Это выдержки из сборника документов и материалов «Геноцид армян в Османской империи». Такими свидетельствами трагедии армянского народа переполнены все свыше 600 страниц этой скорбной книги. В результате младотурецкой резни в начале XX века была уничтожена почти половина армянского народа. Разумеется, это событие — главное в исторической памяти армян и с ним так или иначе связаны любые проявления их национально-политического пробуждения. Не следует забывать, что большая часть бывшей территории Армении, вместе с такими национальными святынями, как гора Арарат и озеро Ван, в настоящее время является территорией Турции. Этим, кстати говоря, объясняется откровенно антимусульманский характер армянской национальной психологии, что, разумеется, не способствует торжеству здравого смысла при разрешении возникающих конфликтов. Непримиримость позиции некоторых лидеров армянского общественного движения во многом объясняется их попыткой связать теперешний конфликт с событиями многолетней давности. Особенно заметно это стало после событий в Сумгаите, жертвы которого были поставлены на один уровень с жертвами младотурецкого геноцида.

Видимо, нет особой необходимости доказывать несостоятельность проведения таких параллелей. Несмотря на известную этническую, религиозную и культурную близость турок и азербайджанцев, последние никак не могут быть ответственны за армянскую трагедию в начале XX века.

Более того, глубокое изучение проблемы по прошествии семи десятилетий после свержения младотурецкого режима в Турции позволяет говорить и о другом: нельзя считать главным виновником уничтожения армян и турецкий народ. Выдающийся армянский исследователь Джон Киракосян в своем фундаментальном труде «Младотурки перед судом истории» убедительно показал, что младотурецкое правительство, организовавшее поголовное истребление армян, представляло собой космополитическую команду бандитов, действовавших, как теперь видно, вовсе не в интересах турецкого государства.
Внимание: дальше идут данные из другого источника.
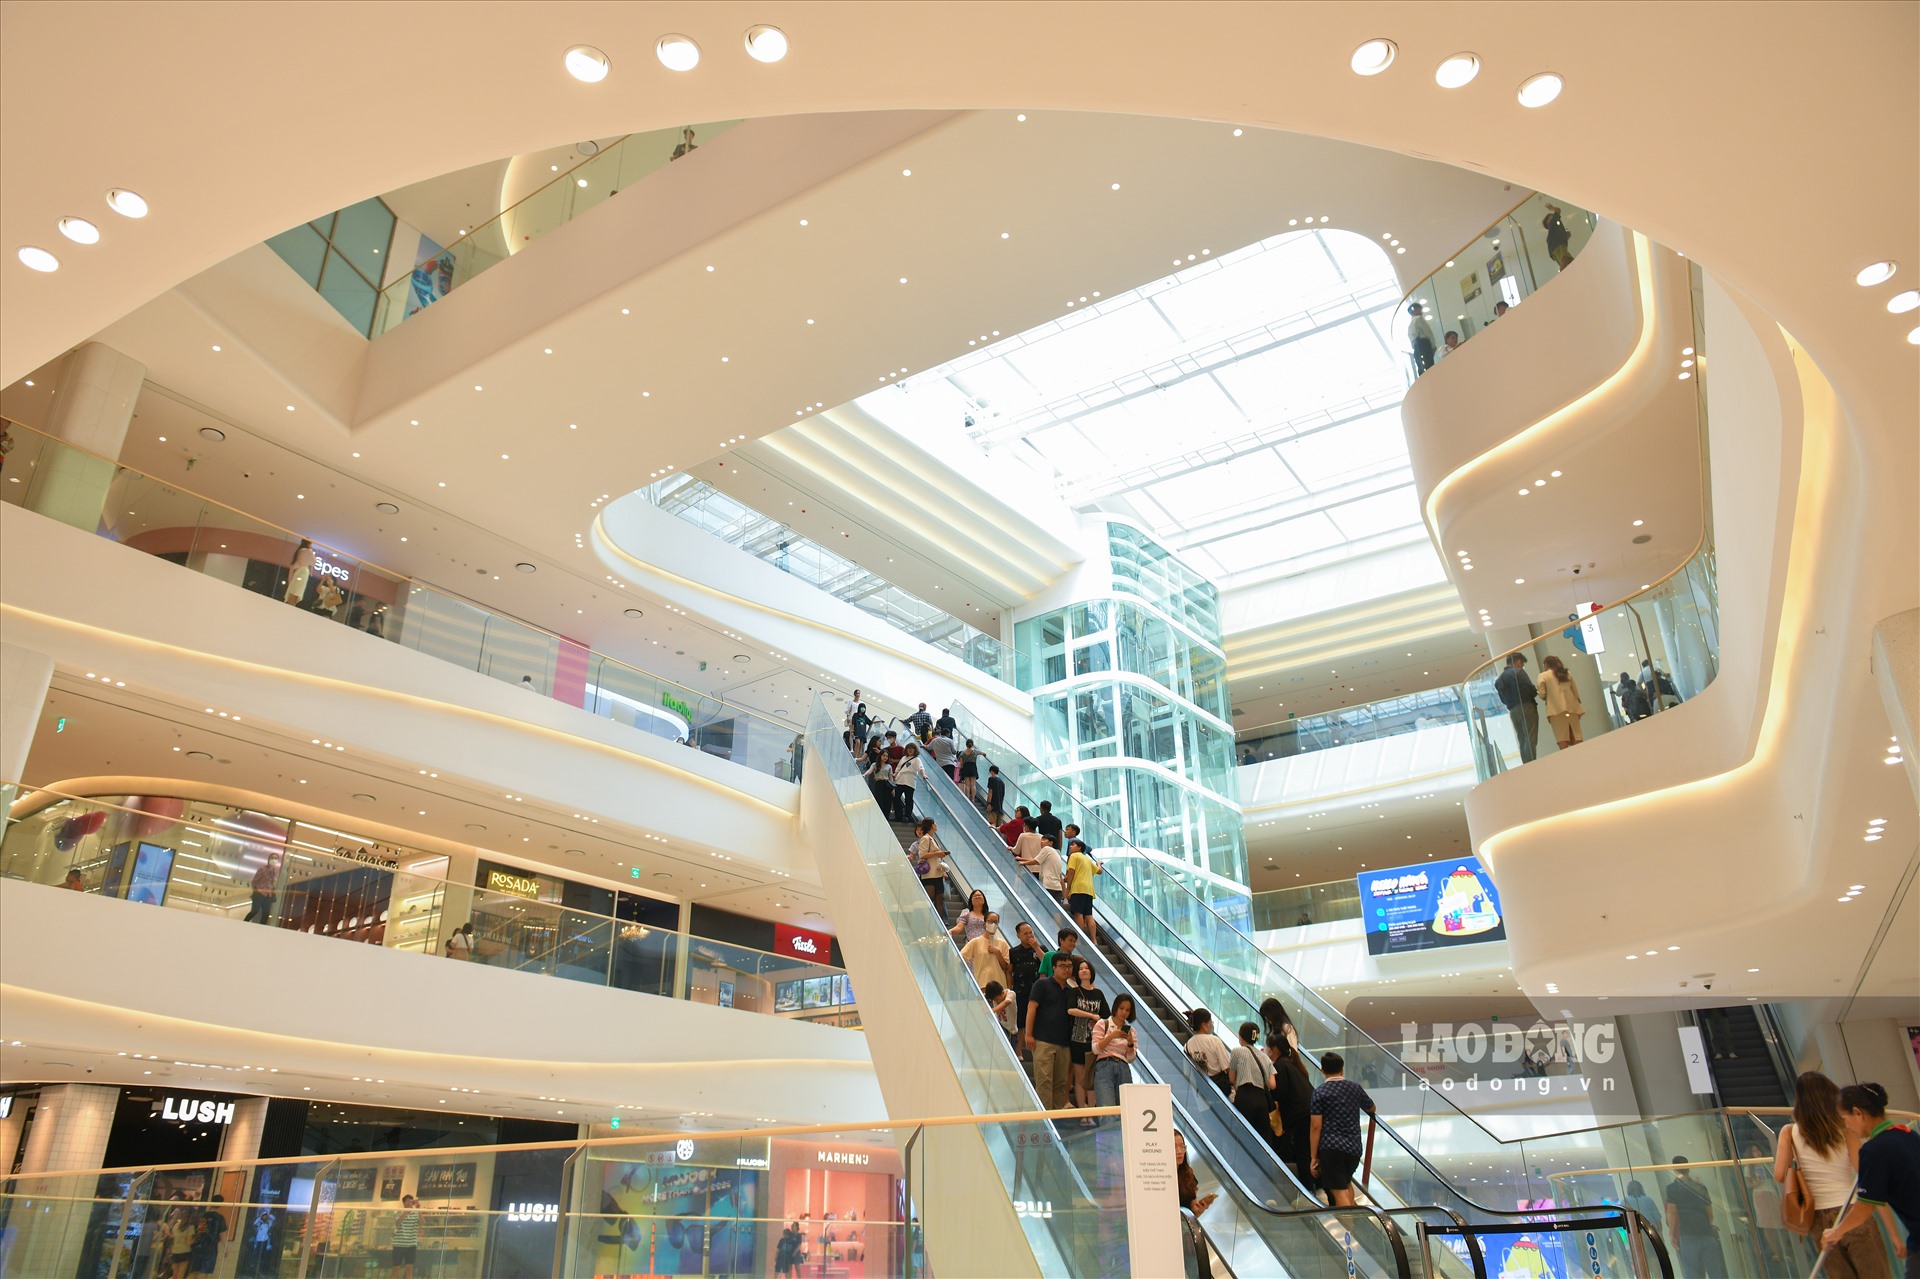 Được thiết kế theo phong cách Hàn Quốc, hoàn toàn mới lạ so với các trung tâm thương mại khác của Hà Nội. Ngoài ra, việc tận dụng ánh sáng bên ngoài cũng khiến không gian bên trong trở nên thoáng đãng hơn.

Небезынтересно отметить, что младотурецкие лидеры, как это убедительно, со ссылками на многочисленные источники, доказывает Джон Киракосян, в своем большинстве даже не были турками по национальности. Так, идейный вдохновитель резни, своеобразный младотурецкий Геббельс — доктор Назым, составивший программу поголовного истребления армян, был по национальности дёнме (салоникский еврей), состоял членом секты евреев-мусульман, входил в масонскую ложу. Возглавлявший финансово-экономическую сторону деятельности младотурков Джавид также был ставленник европейских сионистских банковских кругов. Не были, по свидетельству различных источников, турками и Таллат, непосредственный руководитель истребления армян, и даже Ататюрк («отец турок») — легендарный Мустафа Кемаль…

Не следует думать, что, снимая обвинения за трагические события с одного народа, я пытаюсь переложить их на другой. Речь идет о том, что глубина и сложность происходивших в начале века исторических событий на территории Османской империи явно не соответствует тому поверхностному взгляду на них, который бытует на уровне массового сознания.

Любопытно, что среди младотурецких деятелей оказались и лица, сыгравшие провокационную роль в обострении азербайджано-армянских отношений в Баку в 1905 году. Интересно было бы знать, какие имена выплывут на поверхность закавказских событий 1988 года по прошествии многих лет…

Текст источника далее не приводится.